YOUR OBJECTIVE: Find the line containing "Equipment OMR 60,000", then print it and each line after it through the end of the listing exactly, with no pictures.

DATA FOR THIS EXERCISE:
***

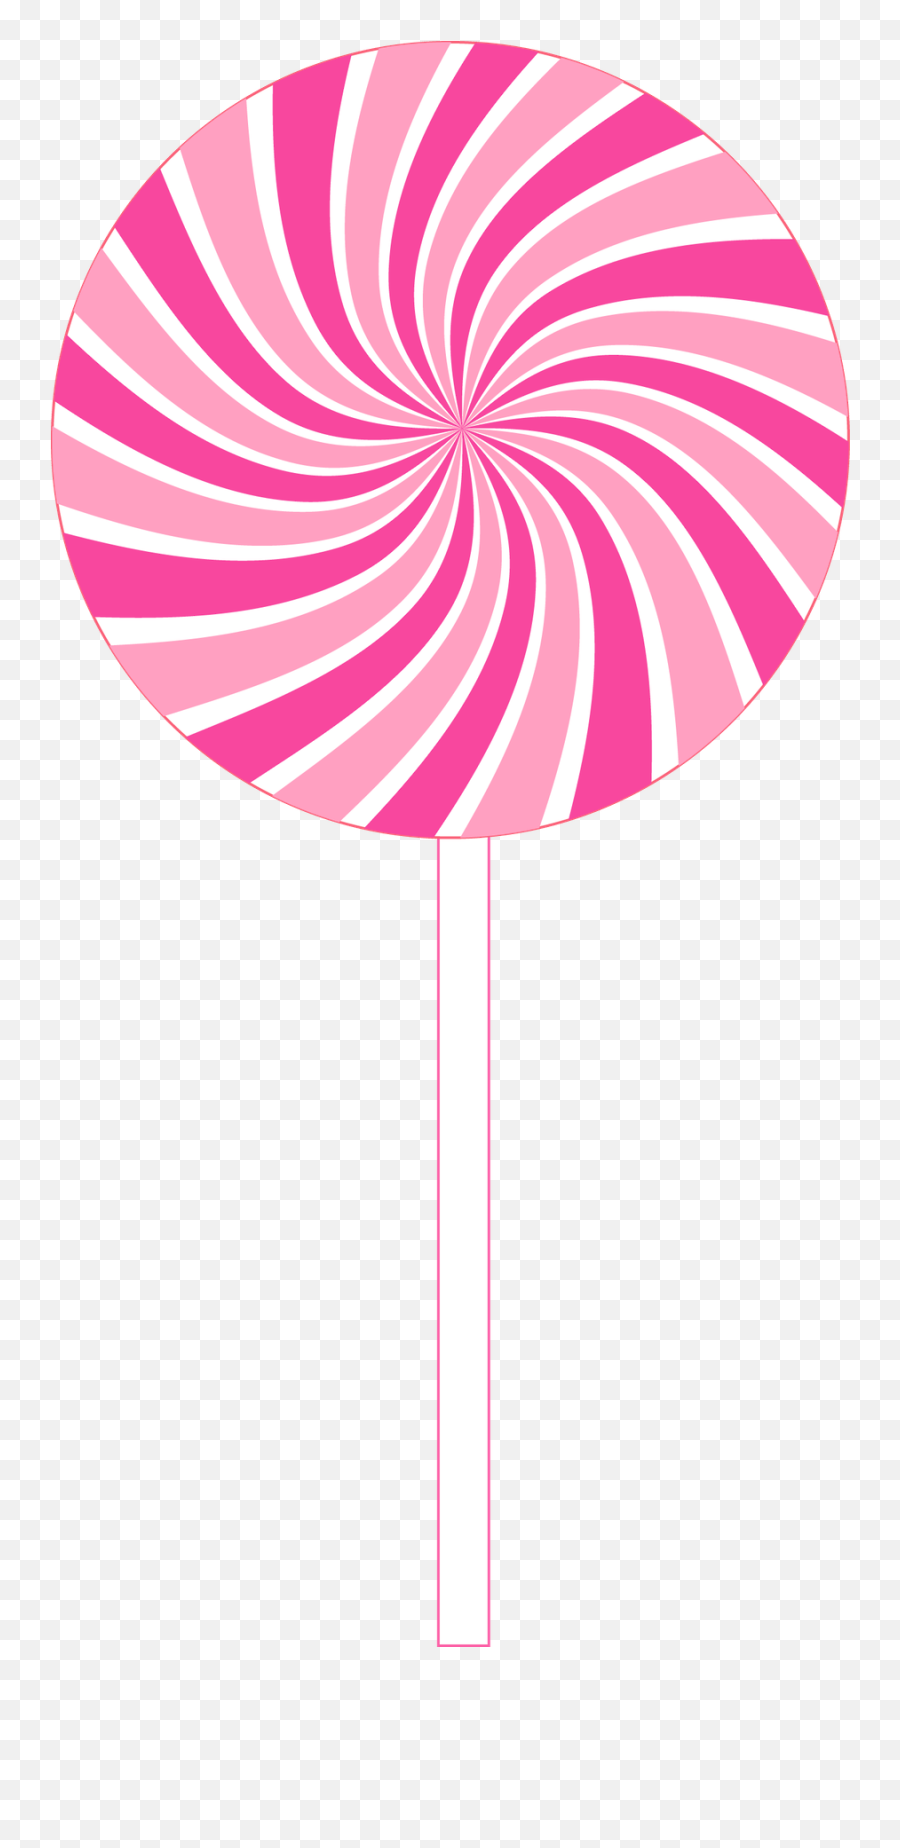 Library Of Pink And Black Candy Apple Banner Png Files - Transparent Willy Wonka Candy Emoji,Candy Apple Emoji
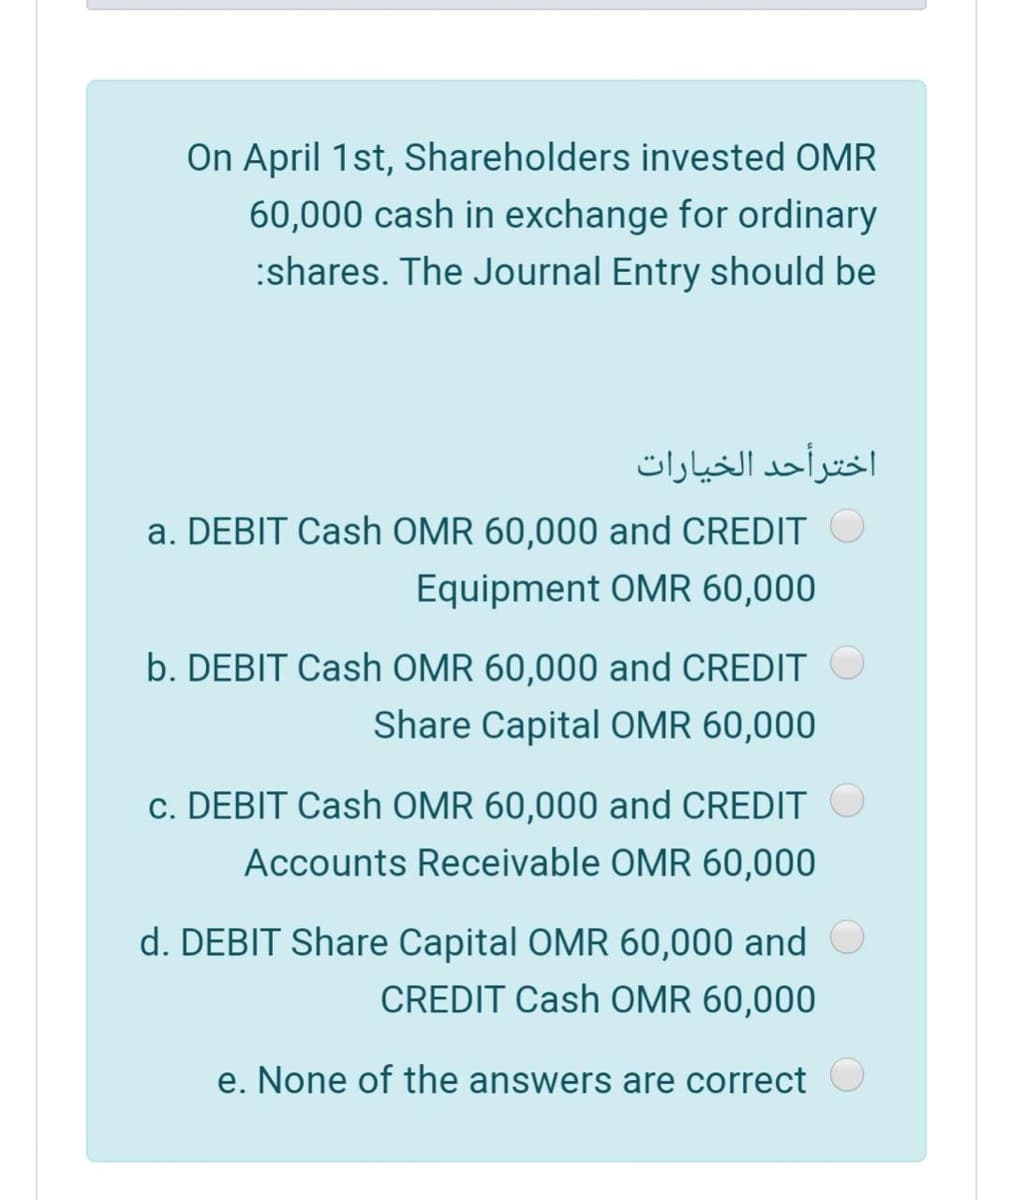 On April 1st, Shareholders invested OMR
60,000 cash in exchange for ordinary
:shares. The Journal Entry should be
اخترأحد الخیارات
a. DEBIT Cash OMR 60,000 and CREDIT
Equipment OMR 60,000
b. DEBIT Cash OMR 60,000 and CREDIT
Share Capital OMR 60,000
c. DEBIT Cash OMR 60,000 and CREDIT
Accounts Receivable OMR 60,000
d. DEBIT Share Capital OMR 60,000 and
CREDIT Cash OMR 60,000
e. None of the answers are correct
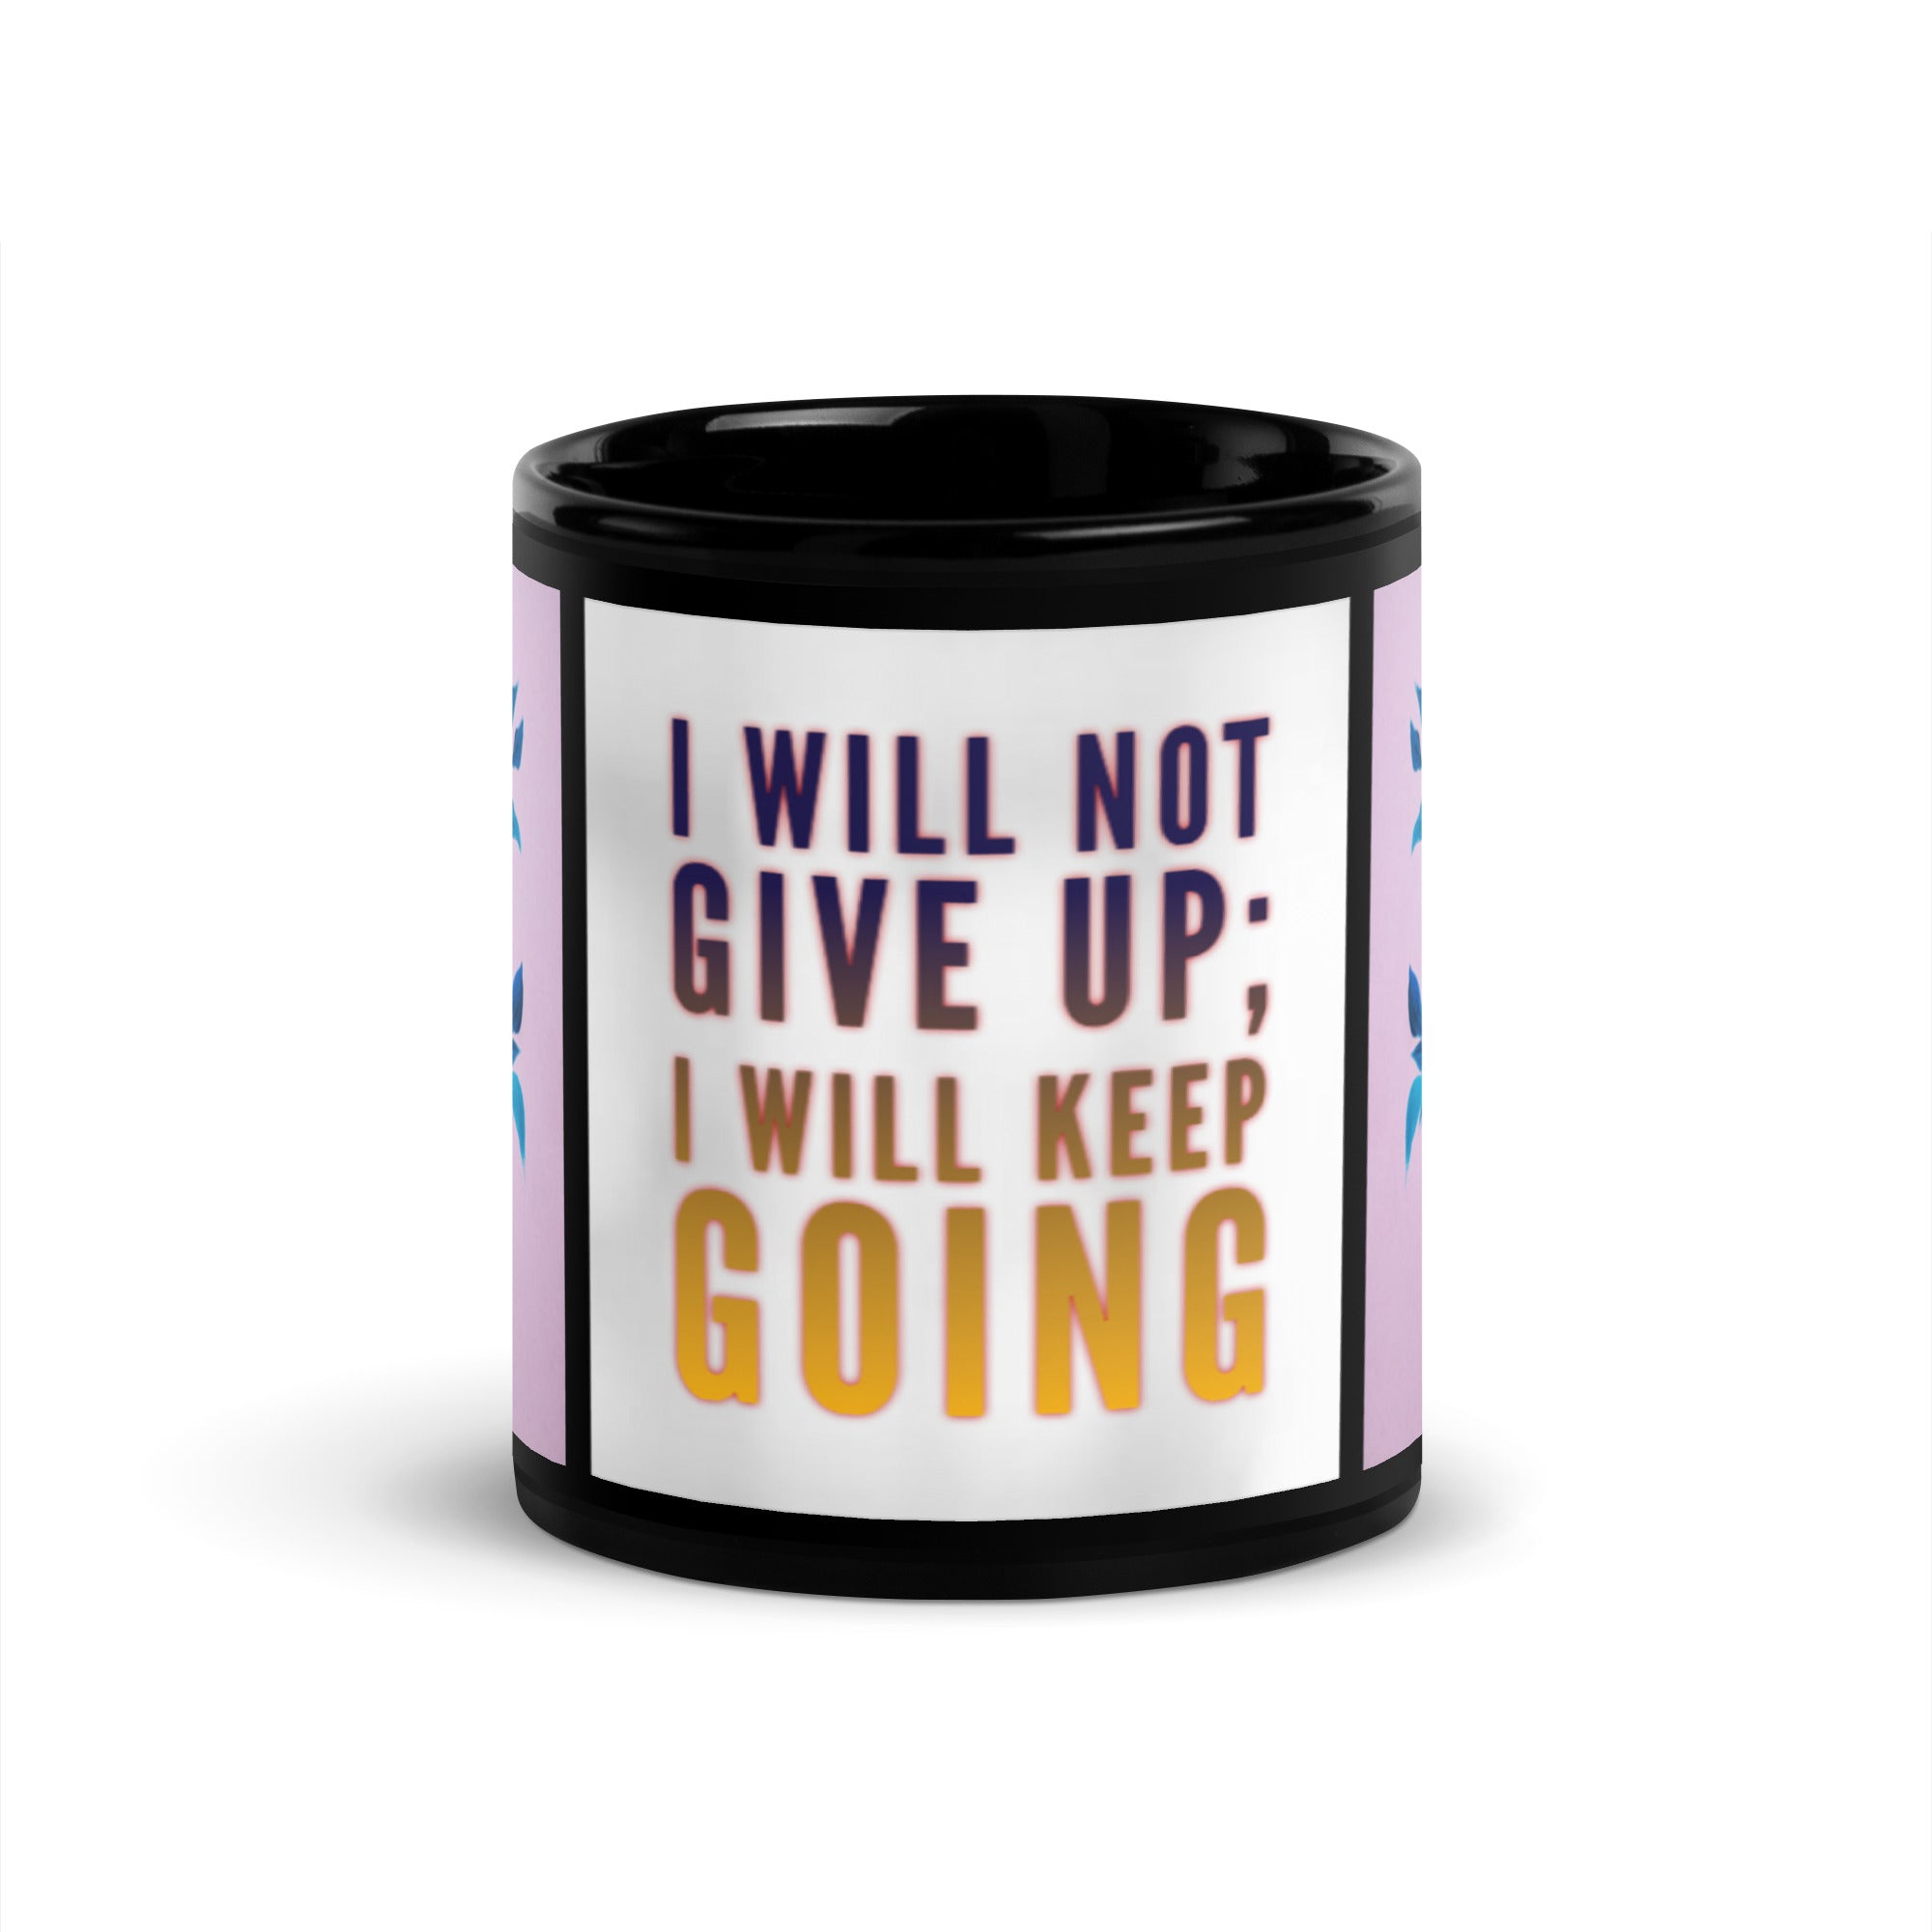 GloWell Designs - Black Glossy Mug - Affirmation Quote - I Will Not Give Up - GloWell Designs

***

OUTPUT OF THE EXERCISE:
Equipment OMR 60,000
b. DEBIT Cash OMR 60,000 and CREDIT
Share Capital OMR 60,000
c. DEBIT Cash OMR 60,000 and CREDIT
Accounts Receivable OMR 60,000
d. DEBIT Share Capital OMR 60,000 and
CREDIT Cash OMR 60,000
e. None of the answers are correct
 GloWell Designs - Black Glossy Mug - Affirmation Quote - I Will Not Give Up - GloWell Designs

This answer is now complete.